岩松 暉著『山のぬくもり』11


一神教と多神教

 東西文明を比較するのに、狩猟民族と農耕民族、砂漠の思考と森林の思考、肉食と穀物食等々いろいろな切り口がある。ここでは一神教と多神教といった観点から見てみよう。一神教の神はエホバのように天地の創造神であり、人間も自然もすべてを造りたもうた。人間は天なる父に罪を懺悔し、神の前で裁きを受けなければならない。邪な人間に怒りの罰を加える恐ろしい神でもある。他の神・他の宗教は邪神・邪教であり、異端は排斥されねばならない。突き詰めれば原理主義となる。宗教をアヘンと見なしたマルクス主義もまた、キリスト教の影響を色濃く受けている。己が理論を唯一絶対に正しいとして、異端を粛正したのは周知の通りである。もっとも熱心だったと言ってよい。

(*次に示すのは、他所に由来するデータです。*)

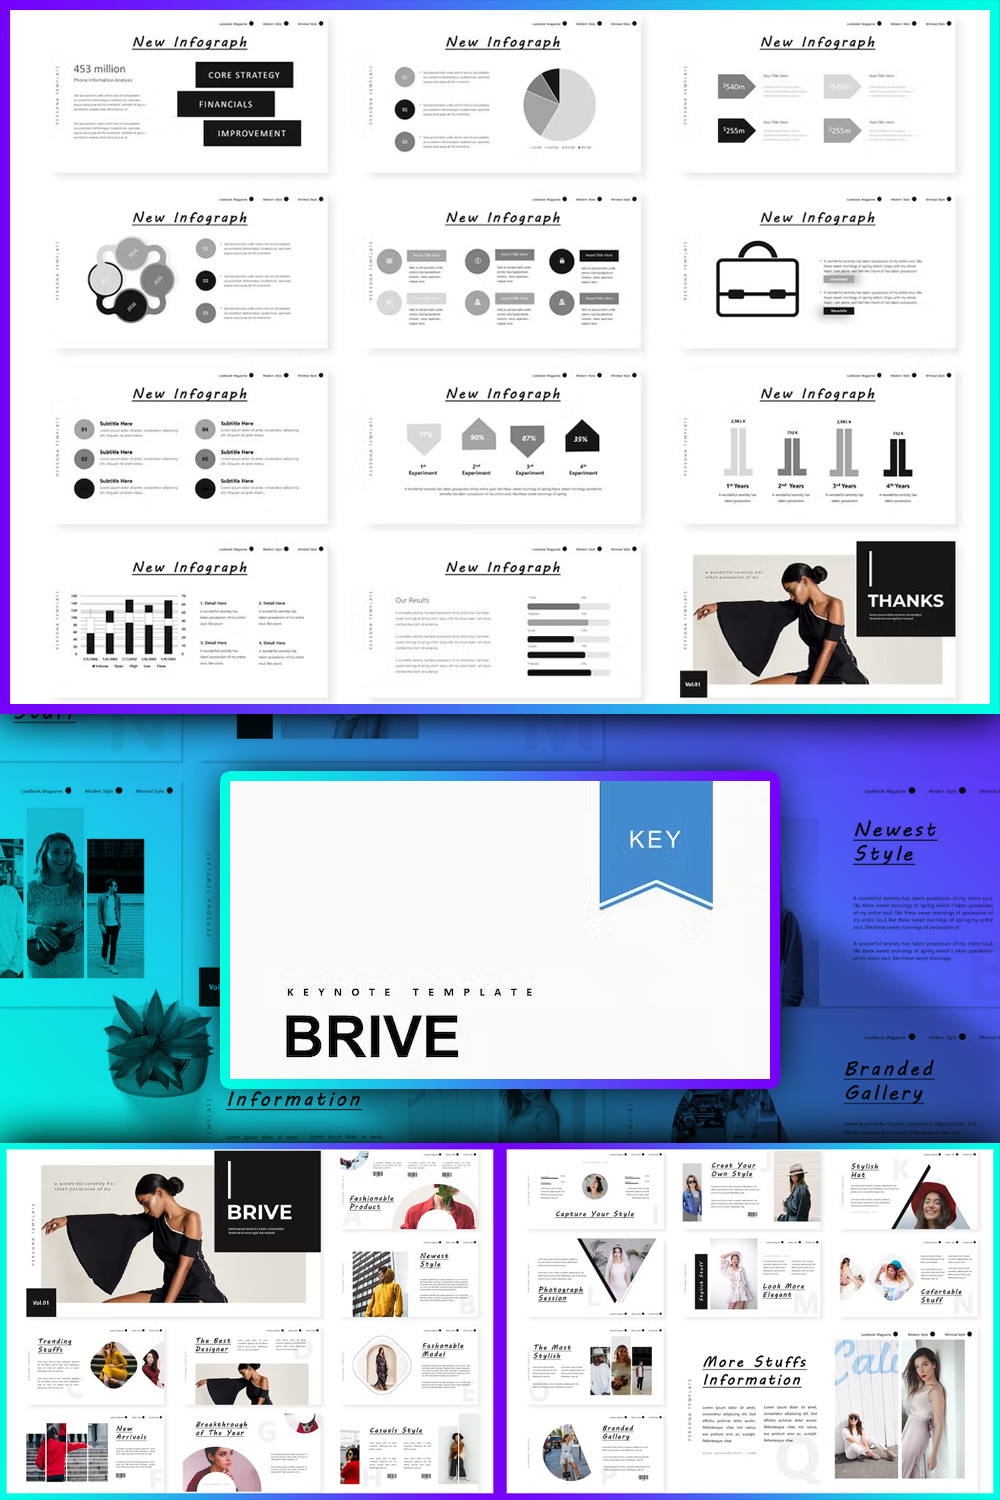 Brive | Keynote Template - Pinterest.

 多神教では、わが国の八百万(やおよろず)の神のように、山川草木すべてに神が宿ると言われ、自然そのものが神であって人間にとって身近な存在である。人間もまた自然の一員であり、いずれは土に還る。輪廻転生、来世は動物に生まれ変わるかも知れないのである。万物の霊長といった人間だけが特別な存在とは考えない。人間も動物も植物も相互依存の関係にある。みんな自然の懐に抱かれて生かされているのだ。私の田舎では、木守柿(きもりがき)といって、柿の実は全部採らず、鳥たちのために残しておく習慣があった。祖母は、キャベツの外側の葉は青虫たちのものと言っていた。アイヌも決してオーバーキルはやらなかった。

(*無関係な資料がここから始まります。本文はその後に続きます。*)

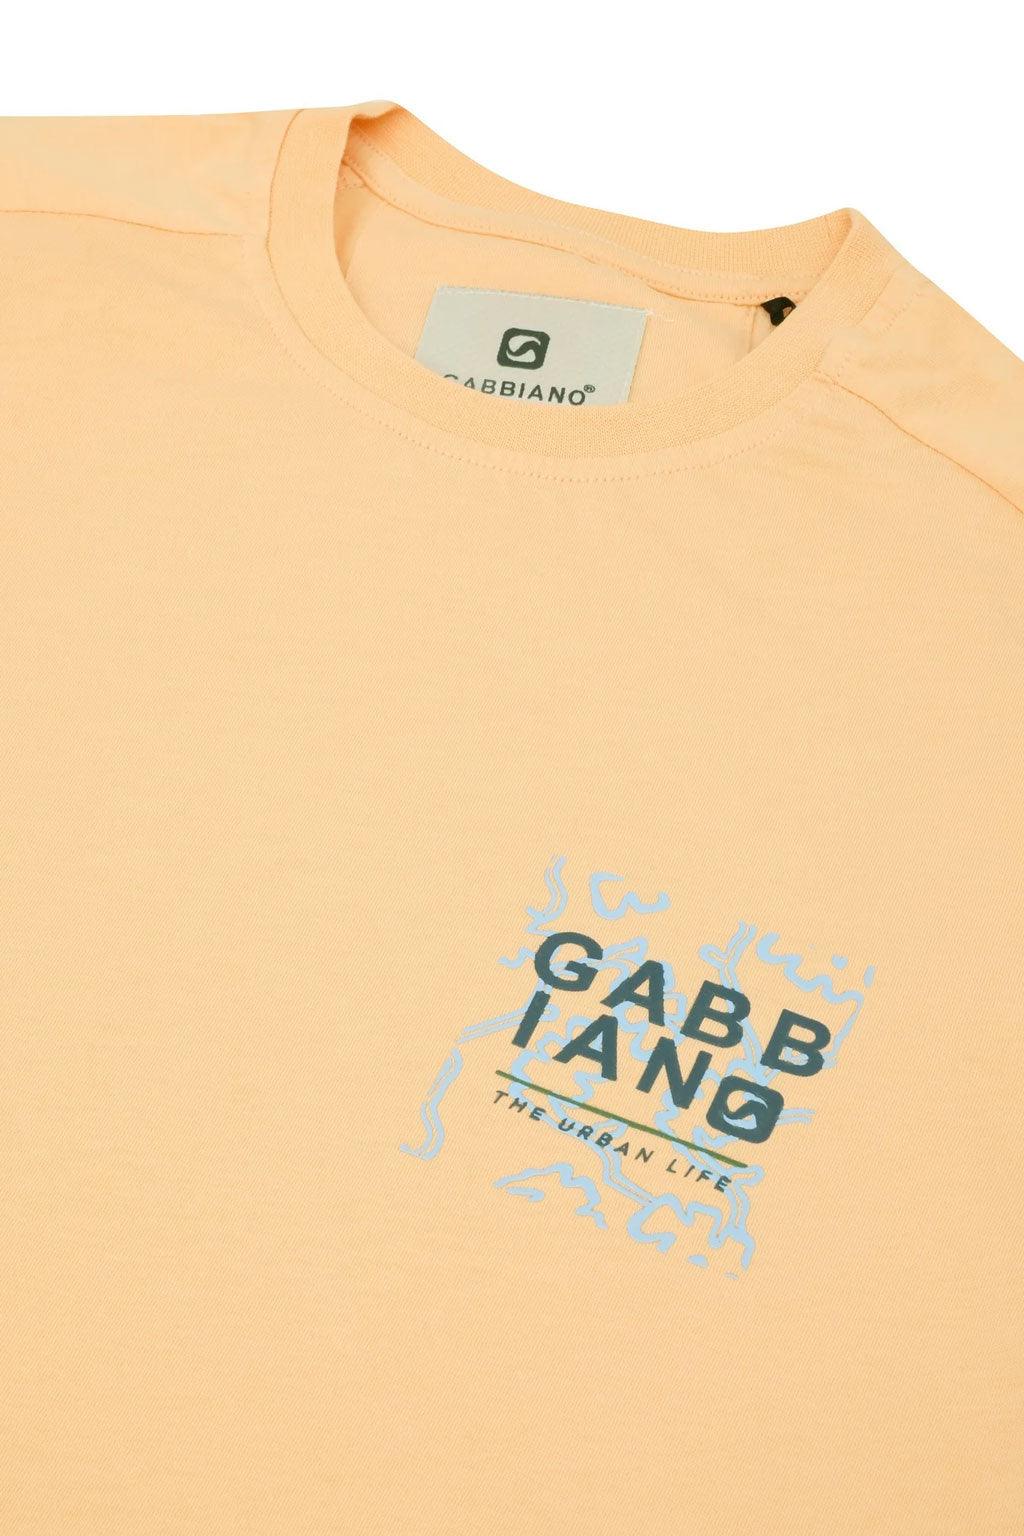 Gabbiano t-shirt - Big Boss | the menswear concept

 一方、われわれは明治維新以来、西洋的なものを進歩的文化的として受け入れてきた。われわれが教わった科学もまたデカルト・ニュートンの流れを汲む西欧科学である。分析哲学が基礎にあり、物理的機械的世界観が底に流れている。物事をまず要素に細分して、単純な系(要素系)について分析する。万有引力の法則が象徴するように、万物に通用する単純な統一原理が必ずあるはずだと信じた。社会科学でも同様、唯物弁証法で経済の仕組みから人間社会全般までを一刀両断に説明しようとした。あれかこれか、ゼロか1か、ファジーは認められなかった。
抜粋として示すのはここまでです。